# Directions for this task:
Look through the records below, and whenever a line contains "Engagement", copy it.

# Record set:
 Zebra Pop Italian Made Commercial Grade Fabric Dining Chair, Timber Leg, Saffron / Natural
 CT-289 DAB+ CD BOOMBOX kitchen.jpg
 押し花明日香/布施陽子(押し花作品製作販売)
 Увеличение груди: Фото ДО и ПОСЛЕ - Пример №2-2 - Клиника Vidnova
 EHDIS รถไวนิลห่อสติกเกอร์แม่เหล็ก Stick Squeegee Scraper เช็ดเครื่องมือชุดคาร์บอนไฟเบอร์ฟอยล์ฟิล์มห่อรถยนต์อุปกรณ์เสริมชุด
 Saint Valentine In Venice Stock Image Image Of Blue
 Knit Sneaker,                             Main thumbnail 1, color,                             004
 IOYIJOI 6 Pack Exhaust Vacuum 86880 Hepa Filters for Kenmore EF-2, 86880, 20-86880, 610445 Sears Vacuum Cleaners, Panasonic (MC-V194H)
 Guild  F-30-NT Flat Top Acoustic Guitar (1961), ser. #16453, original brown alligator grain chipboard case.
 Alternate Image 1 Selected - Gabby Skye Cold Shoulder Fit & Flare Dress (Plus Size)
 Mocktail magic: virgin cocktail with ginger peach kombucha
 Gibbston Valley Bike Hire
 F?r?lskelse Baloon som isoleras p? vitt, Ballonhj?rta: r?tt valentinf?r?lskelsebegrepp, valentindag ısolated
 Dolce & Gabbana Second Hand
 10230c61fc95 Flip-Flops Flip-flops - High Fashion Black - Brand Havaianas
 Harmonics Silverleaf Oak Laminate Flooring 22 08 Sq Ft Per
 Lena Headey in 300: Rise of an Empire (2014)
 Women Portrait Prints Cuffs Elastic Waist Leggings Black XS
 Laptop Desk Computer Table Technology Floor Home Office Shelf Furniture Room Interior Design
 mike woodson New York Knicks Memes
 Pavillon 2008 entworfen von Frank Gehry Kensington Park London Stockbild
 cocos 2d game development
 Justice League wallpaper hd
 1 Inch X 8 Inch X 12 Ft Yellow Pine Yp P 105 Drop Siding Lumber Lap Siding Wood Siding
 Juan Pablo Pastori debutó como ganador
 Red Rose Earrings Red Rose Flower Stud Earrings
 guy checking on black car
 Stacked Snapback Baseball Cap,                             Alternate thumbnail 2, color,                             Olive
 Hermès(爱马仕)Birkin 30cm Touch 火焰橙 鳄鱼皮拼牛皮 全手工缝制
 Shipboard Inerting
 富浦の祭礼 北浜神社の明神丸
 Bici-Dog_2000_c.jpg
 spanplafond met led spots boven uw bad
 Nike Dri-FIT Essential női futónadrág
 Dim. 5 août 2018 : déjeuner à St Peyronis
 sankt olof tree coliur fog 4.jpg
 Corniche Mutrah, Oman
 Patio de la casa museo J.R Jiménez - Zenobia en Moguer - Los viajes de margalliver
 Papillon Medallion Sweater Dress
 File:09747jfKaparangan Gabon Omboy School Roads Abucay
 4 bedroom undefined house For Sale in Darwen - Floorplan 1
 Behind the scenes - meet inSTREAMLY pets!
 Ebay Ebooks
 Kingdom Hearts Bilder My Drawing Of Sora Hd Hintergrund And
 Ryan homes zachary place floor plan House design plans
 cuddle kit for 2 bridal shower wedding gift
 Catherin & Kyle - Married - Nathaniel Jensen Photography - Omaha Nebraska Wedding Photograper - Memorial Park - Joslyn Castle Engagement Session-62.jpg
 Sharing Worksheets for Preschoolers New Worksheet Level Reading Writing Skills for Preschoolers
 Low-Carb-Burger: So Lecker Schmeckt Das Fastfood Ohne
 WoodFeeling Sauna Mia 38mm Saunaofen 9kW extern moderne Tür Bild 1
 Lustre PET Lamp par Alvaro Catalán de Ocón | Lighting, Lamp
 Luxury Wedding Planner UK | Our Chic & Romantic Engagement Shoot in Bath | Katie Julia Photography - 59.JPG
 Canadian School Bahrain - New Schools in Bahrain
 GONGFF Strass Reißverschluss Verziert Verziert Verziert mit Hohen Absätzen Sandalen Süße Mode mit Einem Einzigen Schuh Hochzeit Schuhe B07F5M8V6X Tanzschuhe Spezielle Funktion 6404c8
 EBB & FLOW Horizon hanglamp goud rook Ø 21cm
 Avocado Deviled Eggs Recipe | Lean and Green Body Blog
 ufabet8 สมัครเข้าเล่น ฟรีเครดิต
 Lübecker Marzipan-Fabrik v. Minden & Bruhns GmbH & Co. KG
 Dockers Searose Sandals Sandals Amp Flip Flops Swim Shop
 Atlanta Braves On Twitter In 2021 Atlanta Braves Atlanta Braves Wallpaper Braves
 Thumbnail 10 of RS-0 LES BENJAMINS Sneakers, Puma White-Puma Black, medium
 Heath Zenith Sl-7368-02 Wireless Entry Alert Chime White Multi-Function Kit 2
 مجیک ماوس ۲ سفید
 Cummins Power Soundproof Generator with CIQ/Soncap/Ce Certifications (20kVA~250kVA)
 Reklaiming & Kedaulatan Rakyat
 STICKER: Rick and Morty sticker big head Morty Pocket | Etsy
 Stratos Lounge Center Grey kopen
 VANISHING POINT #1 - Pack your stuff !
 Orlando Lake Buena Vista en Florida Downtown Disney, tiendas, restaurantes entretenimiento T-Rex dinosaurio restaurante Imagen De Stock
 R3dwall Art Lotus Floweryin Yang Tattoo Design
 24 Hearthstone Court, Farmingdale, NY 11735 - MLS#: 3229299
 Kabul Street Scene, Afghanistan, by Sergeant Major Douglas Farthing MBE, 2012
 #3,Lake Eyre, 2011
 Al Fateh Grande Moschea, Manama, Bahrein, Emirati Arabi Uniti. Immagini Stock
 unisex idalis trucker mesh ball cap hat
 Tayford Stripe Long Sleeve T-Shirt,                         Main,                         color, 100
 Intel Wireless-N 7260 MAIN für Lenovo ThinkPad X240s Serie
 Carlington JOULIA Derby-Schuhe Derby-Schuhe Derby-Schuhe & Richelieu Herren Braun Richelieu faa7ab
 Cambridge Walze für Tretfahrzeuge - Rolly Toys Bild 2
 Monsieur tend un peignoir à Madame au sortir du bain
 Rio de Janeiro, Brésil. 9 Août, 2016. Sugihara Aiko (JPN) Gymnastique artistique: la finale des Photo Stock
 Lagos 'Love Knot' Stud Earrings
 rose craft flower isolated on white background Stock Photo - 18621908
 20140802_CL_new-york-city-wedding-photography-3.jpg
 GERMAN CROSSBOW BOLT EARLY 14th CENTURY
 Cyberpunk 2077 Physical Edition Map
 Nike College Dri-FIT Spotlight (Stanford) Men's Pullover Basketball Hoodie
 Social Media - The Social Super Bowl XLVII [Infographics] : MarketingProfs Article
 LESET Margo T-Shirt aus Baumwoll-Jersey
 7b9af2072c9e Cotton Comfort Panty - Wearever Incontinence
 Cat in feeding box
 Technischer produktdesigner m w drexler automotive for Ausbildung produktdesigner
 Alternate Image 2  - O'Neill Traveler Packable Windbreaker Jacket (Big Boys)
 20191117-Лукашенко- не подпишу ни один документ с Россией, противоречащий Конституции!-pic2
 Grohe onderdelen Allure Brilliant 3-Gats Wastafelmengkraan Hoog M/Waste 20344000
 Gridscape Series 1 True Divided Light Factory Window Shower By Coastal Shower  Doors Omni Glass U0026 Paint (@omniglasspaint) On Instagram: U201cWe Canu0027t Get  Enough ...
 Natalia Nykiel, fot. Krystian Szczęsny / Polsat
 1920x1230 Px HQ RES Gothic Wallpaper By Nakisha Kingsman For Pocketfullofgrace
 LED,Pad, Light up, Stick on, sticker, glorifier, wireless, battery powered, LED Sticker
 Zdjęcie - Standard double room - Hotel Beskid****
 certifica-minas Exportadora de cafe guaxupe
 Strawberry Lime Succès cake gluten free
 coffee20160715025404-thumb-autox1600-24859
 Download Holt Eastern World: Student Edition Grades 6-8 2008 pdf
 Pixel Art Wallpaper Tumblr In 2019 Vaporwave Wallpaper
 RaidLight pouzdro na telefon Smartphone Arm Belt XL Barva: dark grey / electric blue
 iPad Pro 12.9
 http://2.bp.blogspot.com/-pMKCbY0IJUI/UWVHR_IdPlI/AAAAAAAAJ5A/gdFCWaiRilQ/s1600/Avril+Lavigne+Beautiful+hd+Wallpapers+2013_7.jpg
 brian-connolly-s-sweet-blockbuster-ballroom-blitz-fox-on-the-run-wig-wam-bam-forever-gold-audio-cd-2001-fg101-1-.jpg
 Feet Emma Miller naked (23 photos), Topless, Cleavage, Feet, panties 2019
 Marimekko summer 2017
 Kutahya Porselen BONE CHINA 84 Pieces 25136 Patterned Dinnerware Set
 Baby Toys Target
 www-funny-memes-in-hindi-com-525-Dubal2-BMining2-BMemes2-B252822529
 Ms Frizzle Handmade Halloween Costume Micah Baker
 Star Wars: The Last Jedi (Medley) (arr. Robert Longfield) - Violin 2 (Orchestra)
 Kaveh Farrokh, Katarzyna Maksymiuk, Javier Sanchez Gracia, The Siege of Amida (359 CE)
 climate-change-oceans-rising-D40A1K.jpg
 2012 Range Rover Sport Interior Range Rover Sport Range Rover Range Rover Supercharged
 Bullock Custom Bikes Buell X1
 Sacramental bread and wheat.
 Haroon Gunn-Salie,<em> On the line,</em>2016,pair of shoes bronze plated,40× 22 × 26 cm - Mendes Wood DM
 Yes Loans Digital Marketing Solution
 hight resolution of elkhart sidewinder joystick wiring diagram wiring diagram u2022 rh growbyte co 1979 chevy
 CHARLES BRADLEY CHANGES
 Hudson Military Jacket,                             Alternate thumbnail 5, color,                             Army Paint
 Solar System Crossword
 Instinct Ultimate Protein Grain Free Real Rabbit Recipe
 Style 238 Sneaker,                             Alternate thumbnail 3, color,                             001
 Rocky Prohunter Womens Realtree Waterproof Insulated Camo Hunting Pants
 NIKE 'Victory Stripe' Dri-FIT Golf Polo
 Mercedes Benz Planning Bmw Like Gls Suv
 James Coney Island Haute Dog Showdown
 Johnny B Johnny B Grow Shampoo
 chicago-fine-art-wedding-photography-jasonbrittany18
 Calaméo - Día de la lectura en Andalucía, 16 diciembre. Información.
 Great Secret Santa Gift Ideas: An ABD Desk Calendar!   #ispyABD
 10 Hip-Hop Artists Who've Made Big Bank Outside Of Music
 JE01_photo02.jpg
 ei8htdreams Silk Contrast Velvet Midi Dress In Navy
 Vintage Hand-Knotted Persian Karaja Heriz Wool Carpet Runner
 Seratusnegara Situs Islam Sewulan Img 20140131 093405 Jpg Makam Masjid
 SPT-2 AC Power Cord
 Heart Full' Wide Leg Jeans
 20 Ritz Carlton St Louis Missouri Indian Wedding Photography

# Answer box:
 Catherin & Kyle - Married - Nathaniel Jensen Photography - Omaha Nebraska Wedding Photograper - Memorial Park - Joslyn Castle Engagement Session-62.jpg
 Luxury Wedding Planner UK | Our Chic & Romantic Engagement Shoot in Bath | Katie Julia Photography - 59.JPG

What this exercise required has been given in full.